DEV Community

Cover image for Building an AI-Powered Code Editor: (part 2) LLM like interpreter
Francesco Marconi
Francesco Marconi

Posted on

Building an AI-Powered Code Editor: (part 2) LLM like interpreter

It’s Not a Prompt. It’s a Procedural DSL in Natural Language

While building LLM CodeForge, an agentic editor that allows LLMs to read, modify, and test code autonomously, after 5000 tokens of instructions, I realized something:

I wasn't writing a prompt. I was building a Domain-Specific Language embedded in natural language.

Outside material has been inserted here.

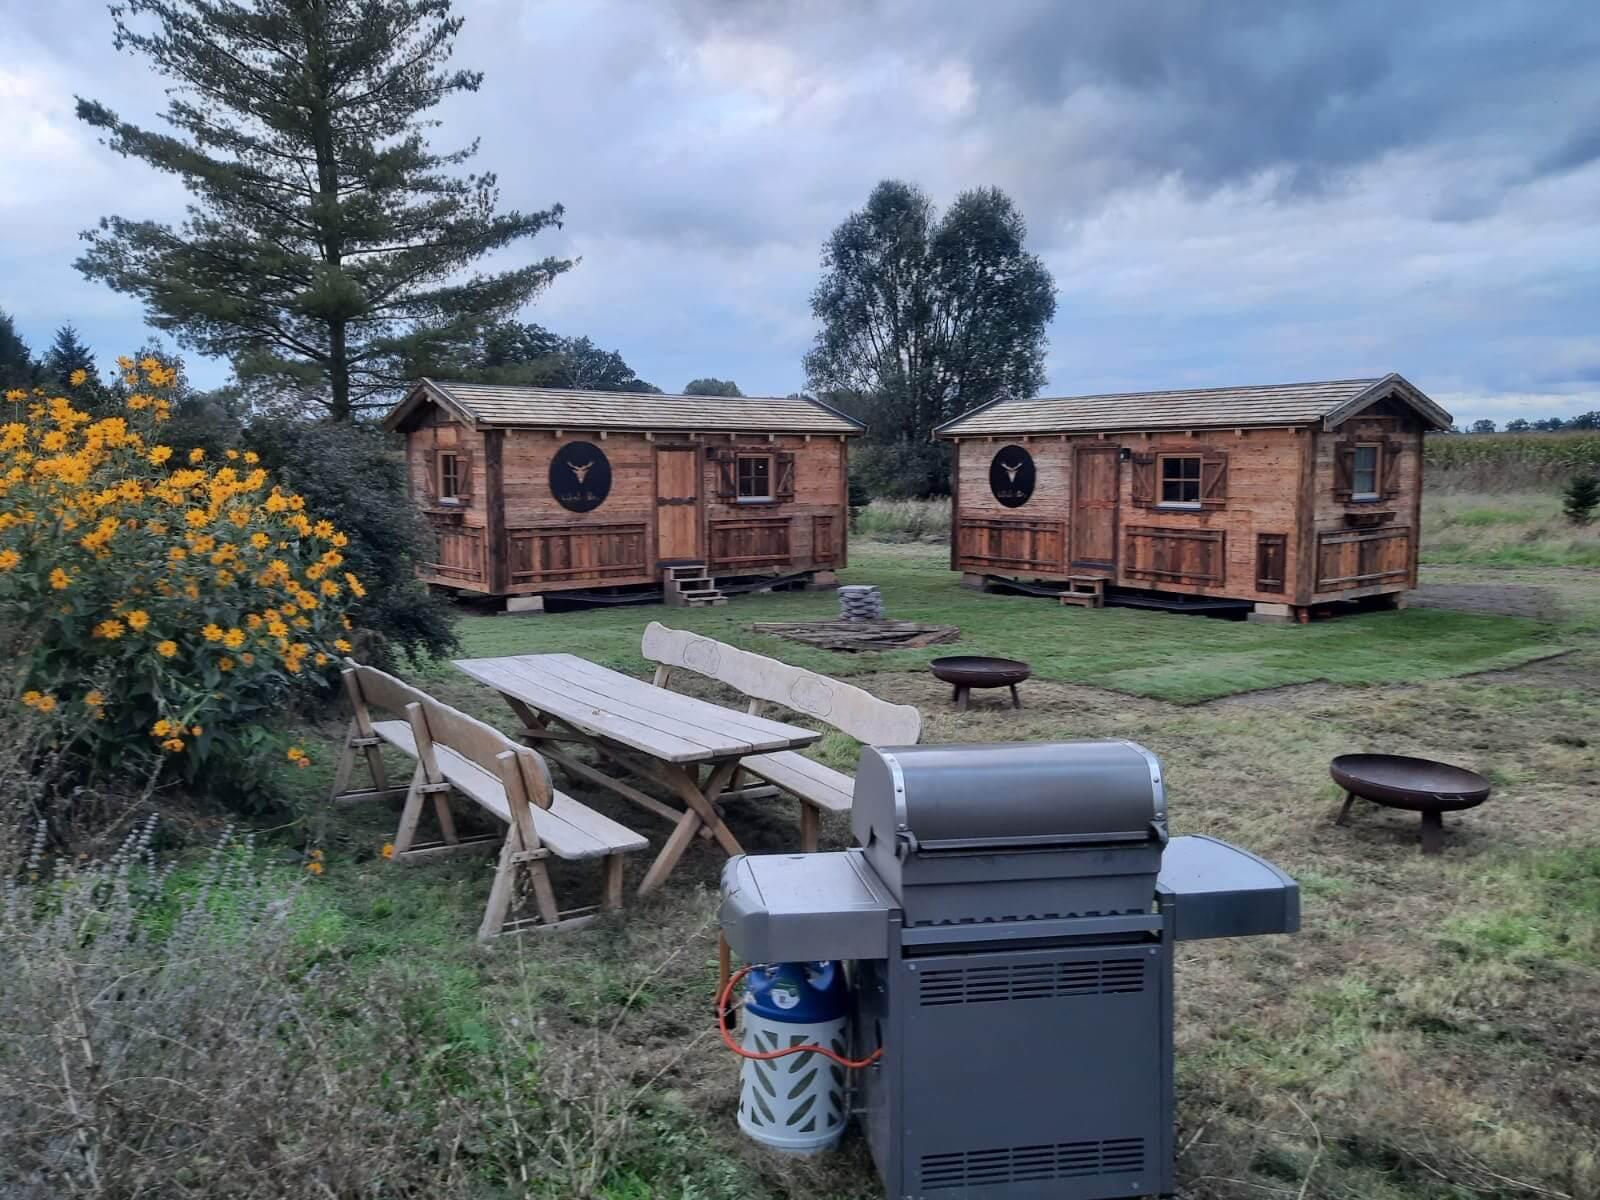 mobiles-chalet-almhuette-modell 2-vital-camp-gmbh

This article analyzes how and why this distinction is fundamental—and what you can learn for your own agentic systems.

The LLM Doesn't Decide, It Executes

Initially, I thought I was "instructing" an LLM on how to behave. But watching the system work, I realized I was doing something different:

I was forcing the model to impersonate an interpreter.

The model in CodeForge:

  • Does not decide what to do
  • Decides only which branch of the protocol to follow
  • Does not solve problems creatively
  • Executes a procedure described in natural language

This is very close to:

  • A bytecode interpreter
  • A text-driven Finite State Machine
  • A planner with closed actions

And it works because I accepted that the LLM is fundamentally unreliable.

Anatomy of an Embedded DSL

1. Control Flow: Decision Protocol

Here is what the DSL's "control flow" looks like:

Every request follows 4 steps: 
[UNDERSTAND] → [GATHER] → [EXECUTE] → [RESPOND]

### Step 1: UNDERSTAND
Classify request type:

| Type         | Keywords              | Next Step           |
|--------------|-----------------------|---------------------|
| Explanation  | "what is", "explain"  | [RESPOND] text      |
| Modification | "add", "change"       | [GATHER] → [EXECUTE]|
| Analysis     | "analyze", "show"     | [GATHER] → [RESPOND]|
Enter fullscreen mode Exit fullscreen mode

This is not Chain-of-Thought in the classic sense. It is deterministic task routing—a decision table mapping input → workflow.

The model doesn't "think", it executes a conditional jump.

2. Invariants: Read-Before-Write Policy

The DSL defines invariants that must be maintained:

🚨 CRITICAL RULE: You CANNOT use `update_file` 
on a file you haven't read in this conversation.

Self-check before ANY update_file:
- [ ] Did I receive the content from system?
- [ ] Do I know exact current state?
- [ ] Am I modifying based on actual code?

If ANY answer is NO → OUTPUT read_file ACTION, STOP.
Enter fullscreen mode Exit fullscreen mode

This is an attempt to define pre-conditions in natural language. It’s like writing:

def update_file(path, content):
    assert path in conversation_state.read_files
    # ... actual update
Enter fullscreen mode Exit fullscreen mode

But without a type system or automatic runtime enforcement.

Important note: This rule significantly reduces the probability of the LLM modifying a file without having read its content first, but it does not guarantee 100% enforcement. It is a constraint expressed in natural language, therefore subject to the probabilistic interpretation of the model. In tests, I observed high stability (~85-90%), but server-side validation remains fundamental for critical cases.

3. State Management: Injection + Hard Next Action

The most effective technique I implemented is dynamically regenerating the prompt to force the LLM to follow a multi-step plan.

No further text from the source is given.